Exercise brief:
Return each line of the data below exactly, omitting any pictures.

Provided material:
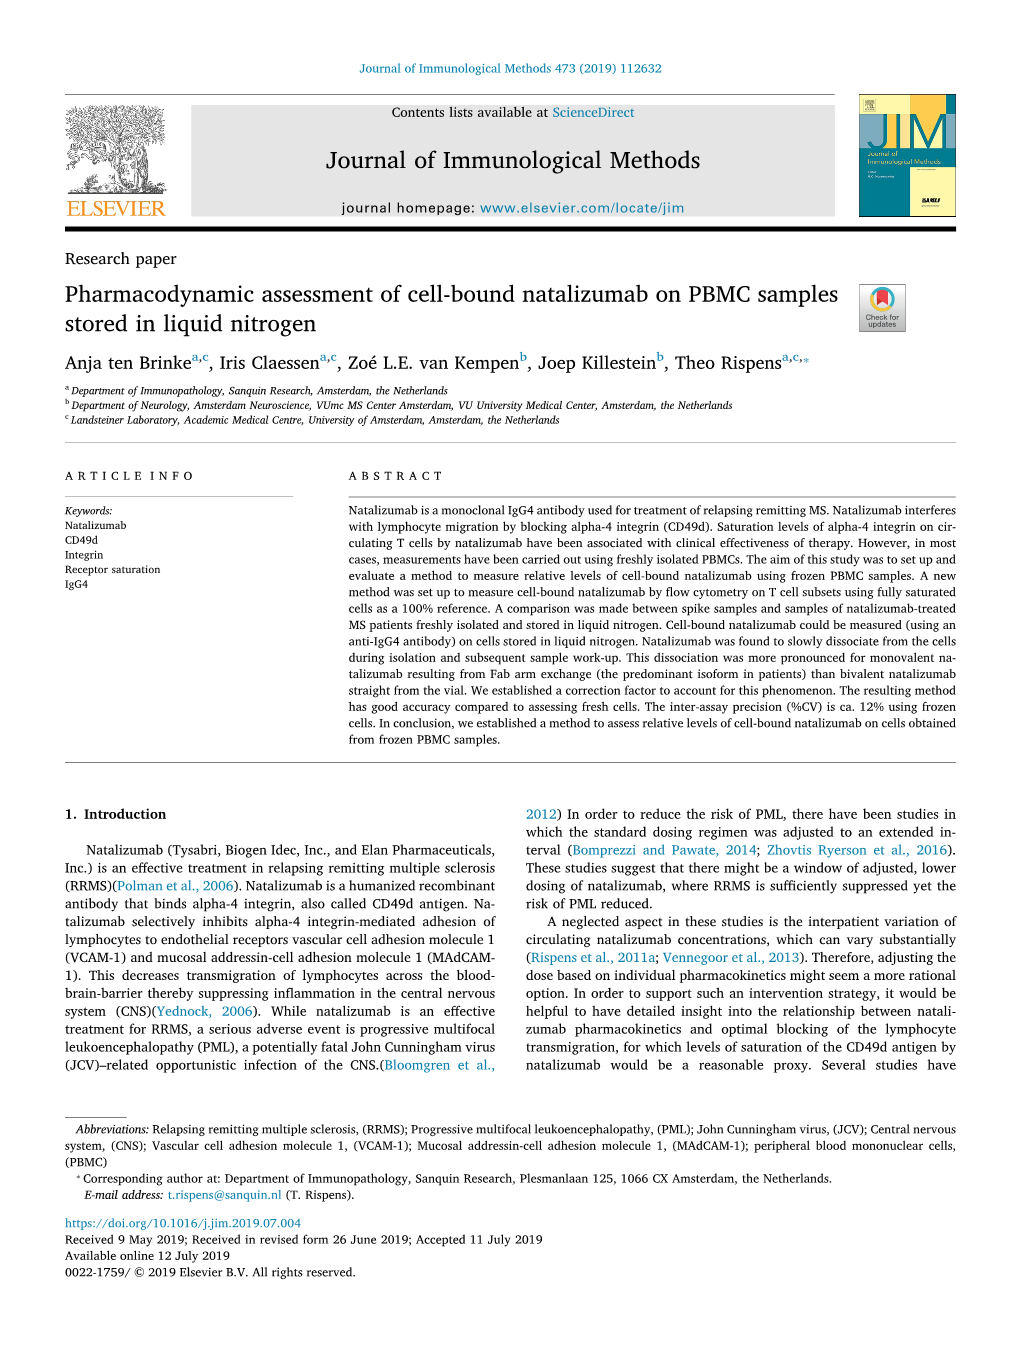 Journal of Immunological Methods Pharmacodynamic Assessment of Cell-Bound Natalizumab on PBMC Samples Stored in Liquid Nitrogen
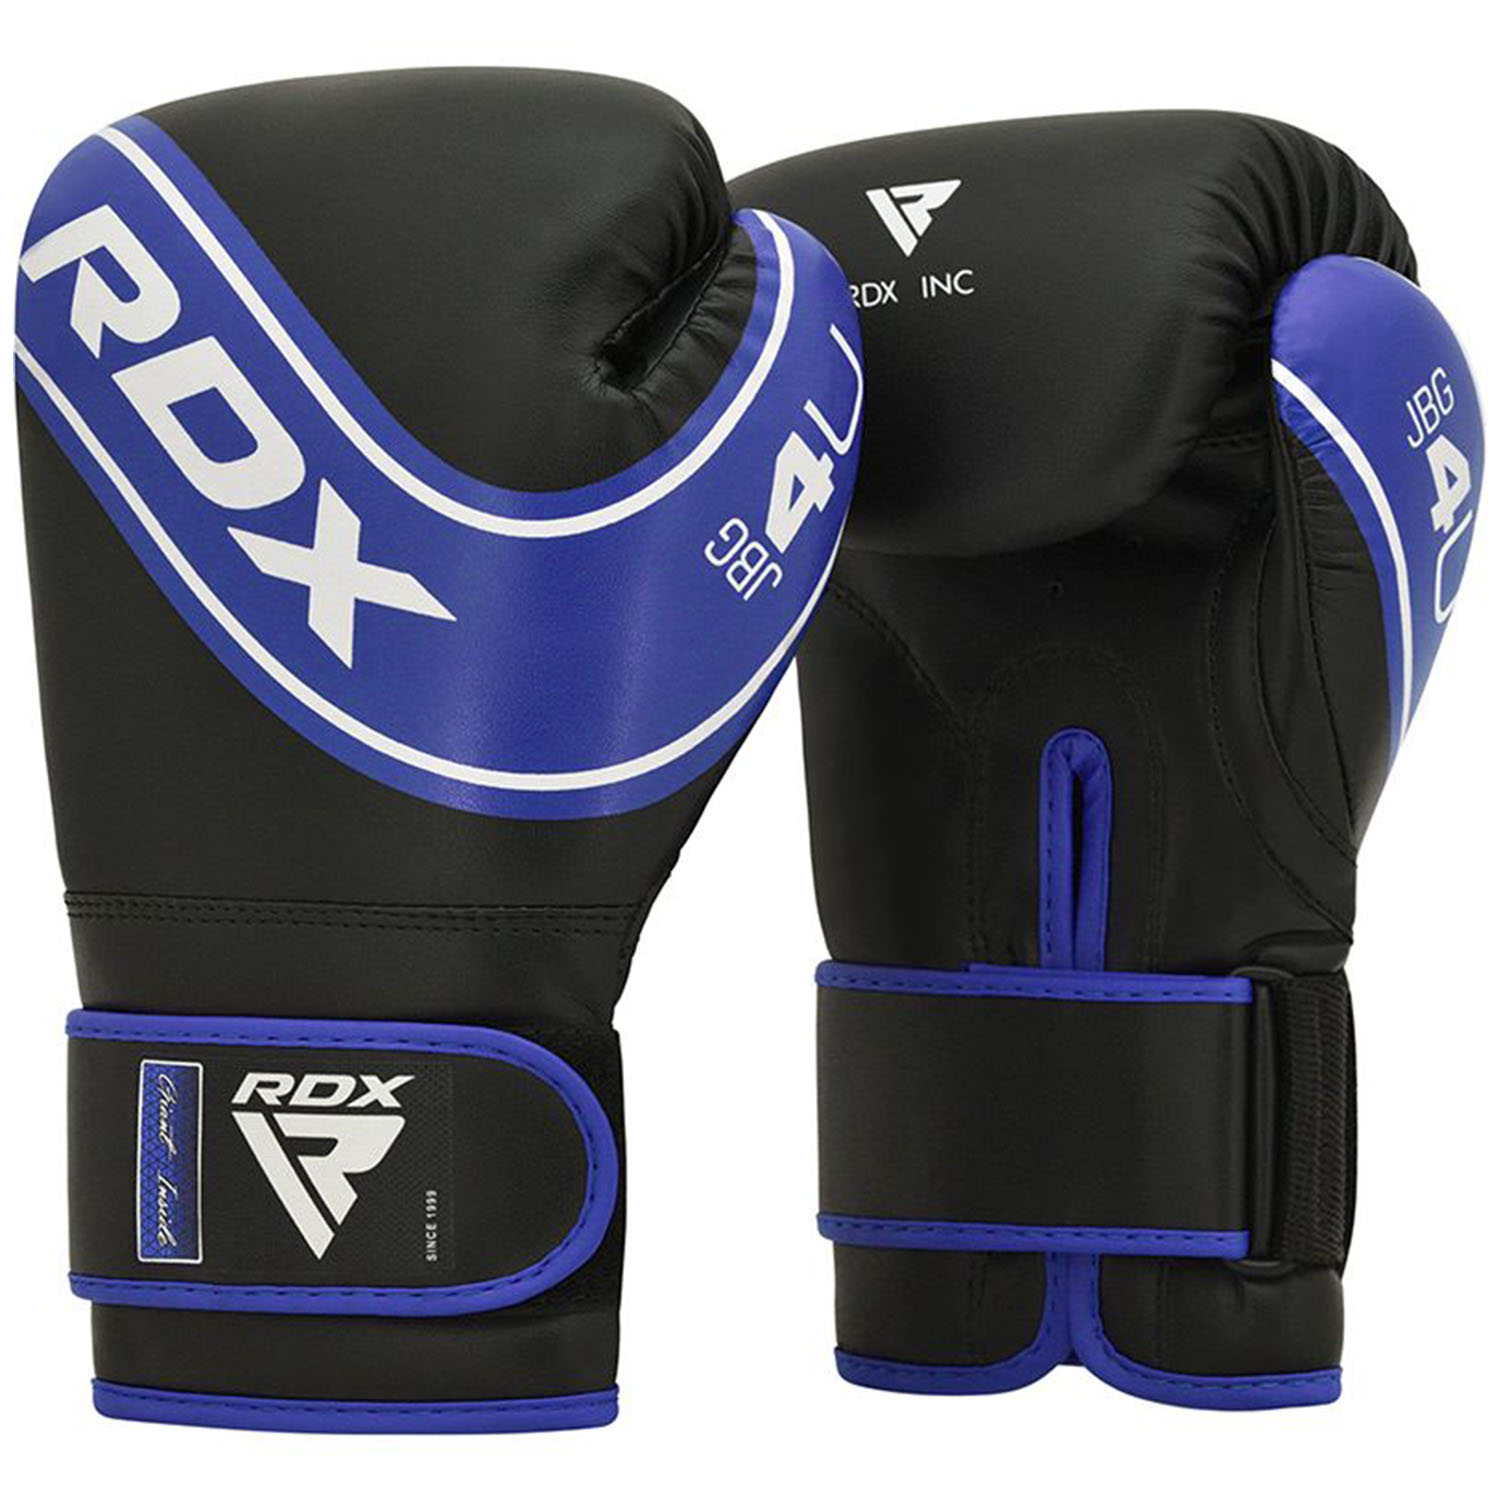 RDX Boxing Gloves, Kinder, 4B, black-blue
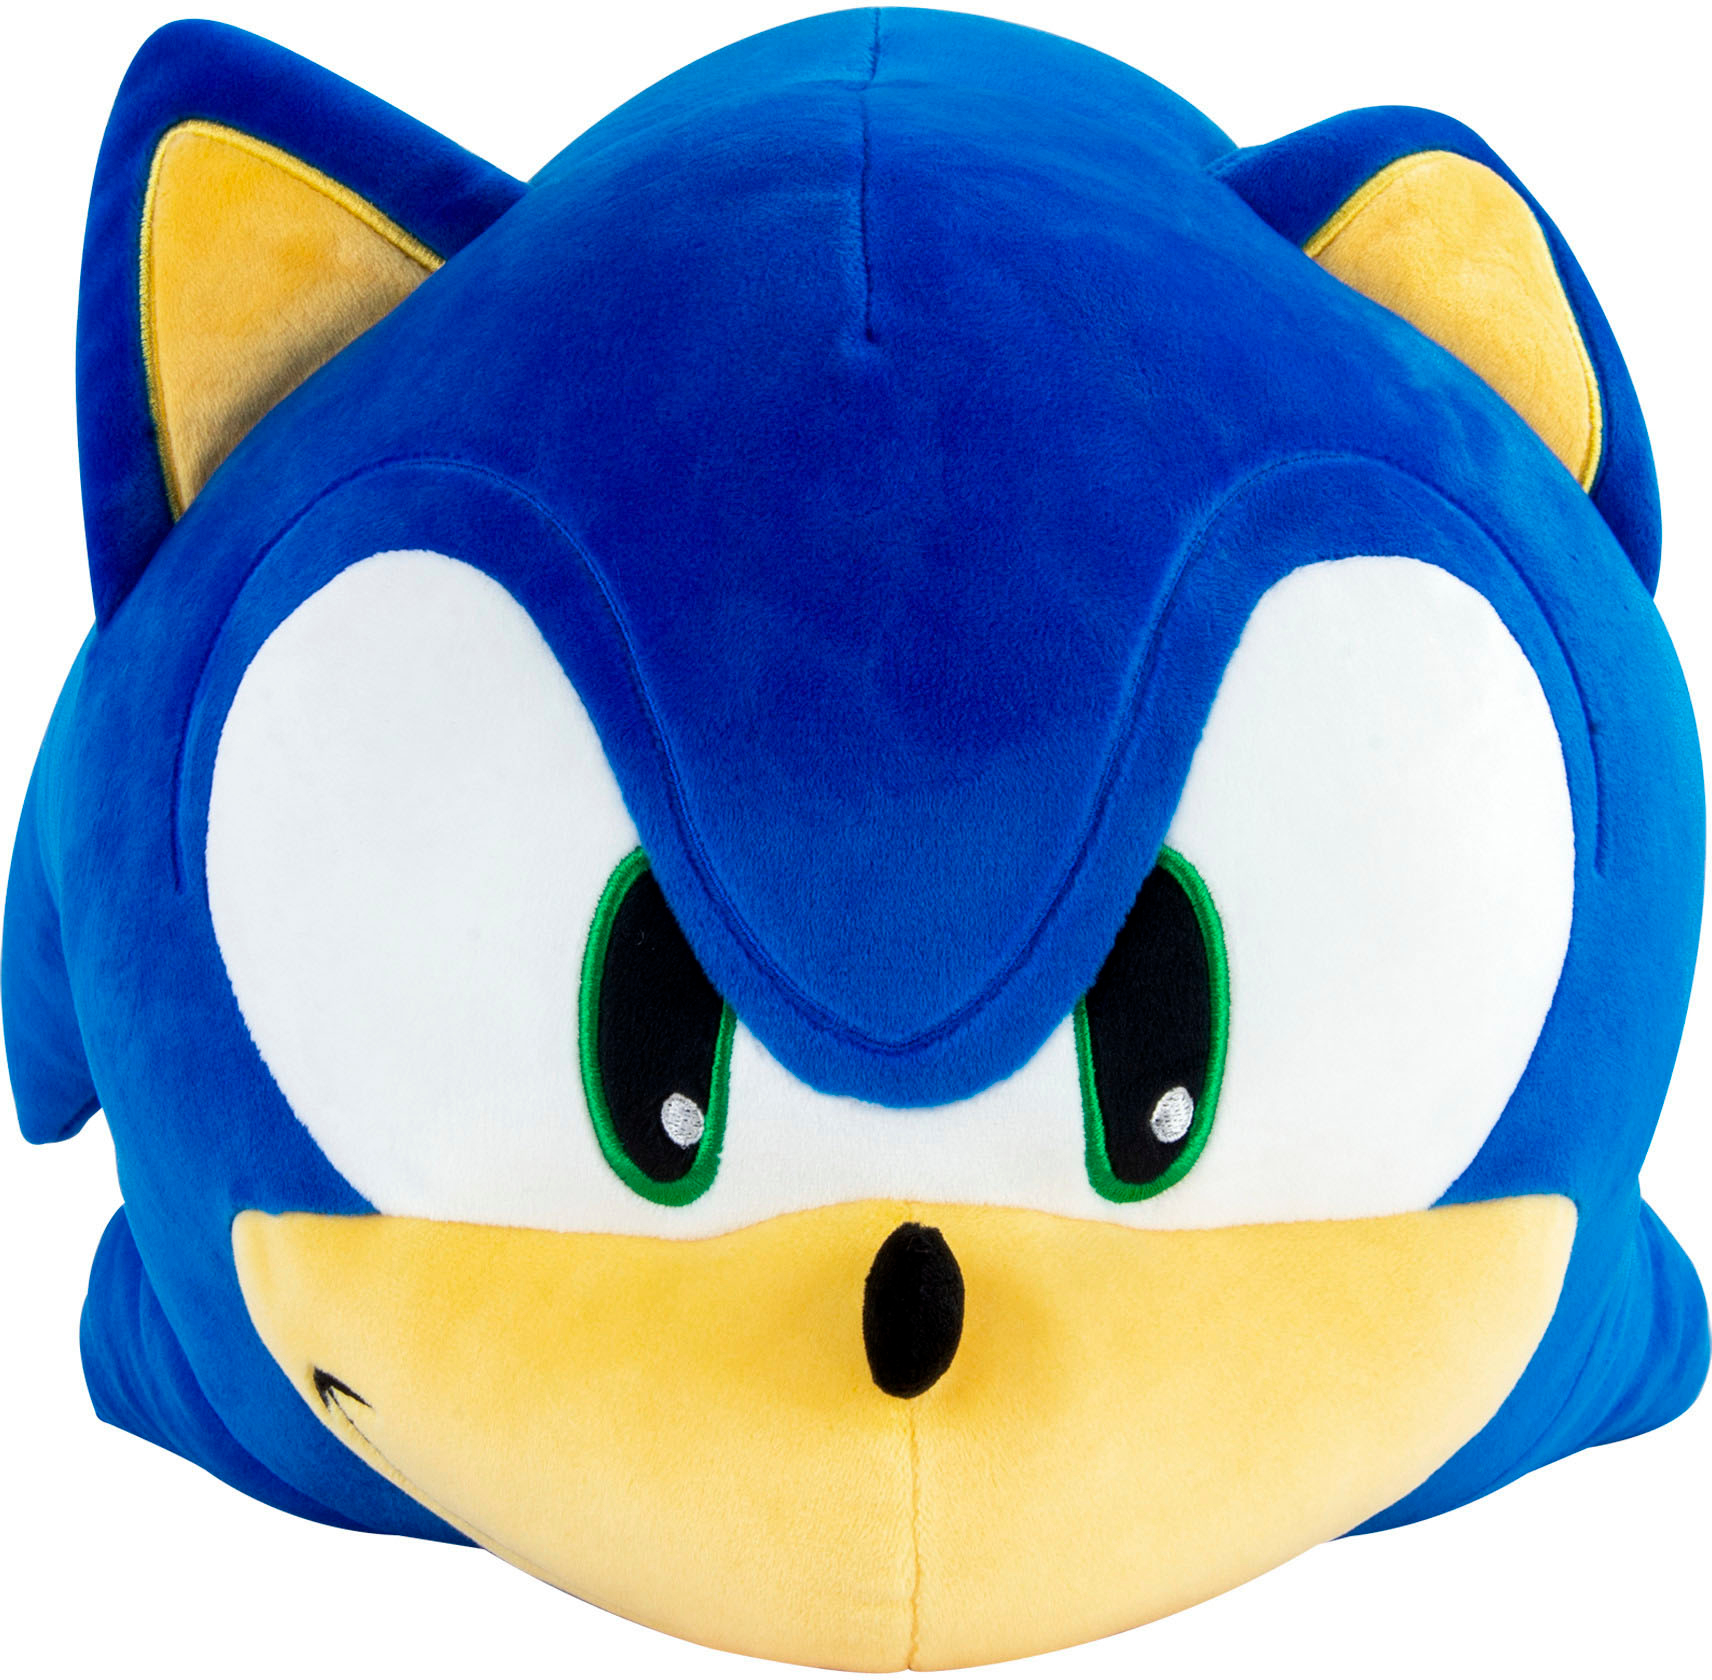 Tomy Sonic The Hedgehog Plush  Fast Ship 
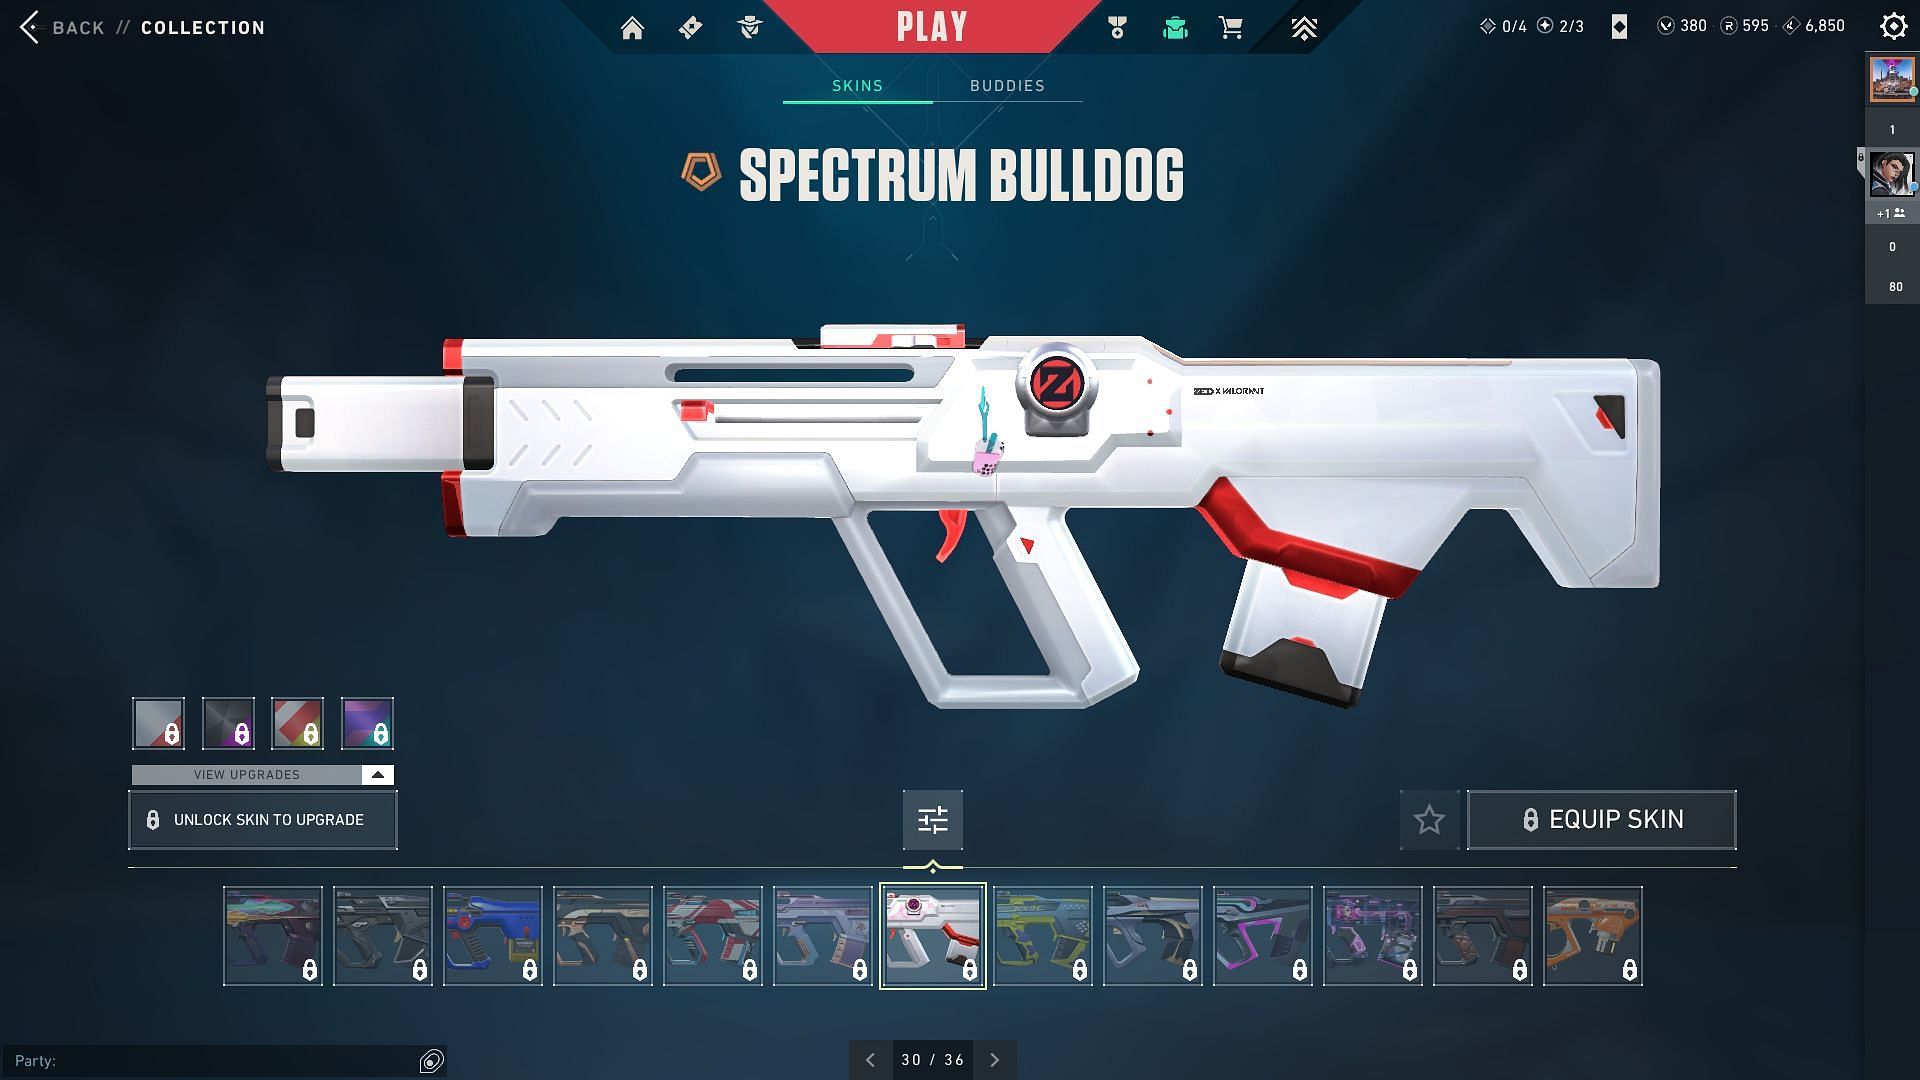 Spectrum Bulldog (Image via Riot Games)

Response:
 Journal of Immunological Methods Pharmacodynamic Assessment of Cell-Bound Natalizumab on PBMC Samples Stored in Liquid Nitrogen
 RDX Boxing Gloves, Kinder, 4B, black-blue
 Tomy Sonic The Hedgehog Plush  Fast Ship 
 Spectrum Bulldog (Image via Riot Games)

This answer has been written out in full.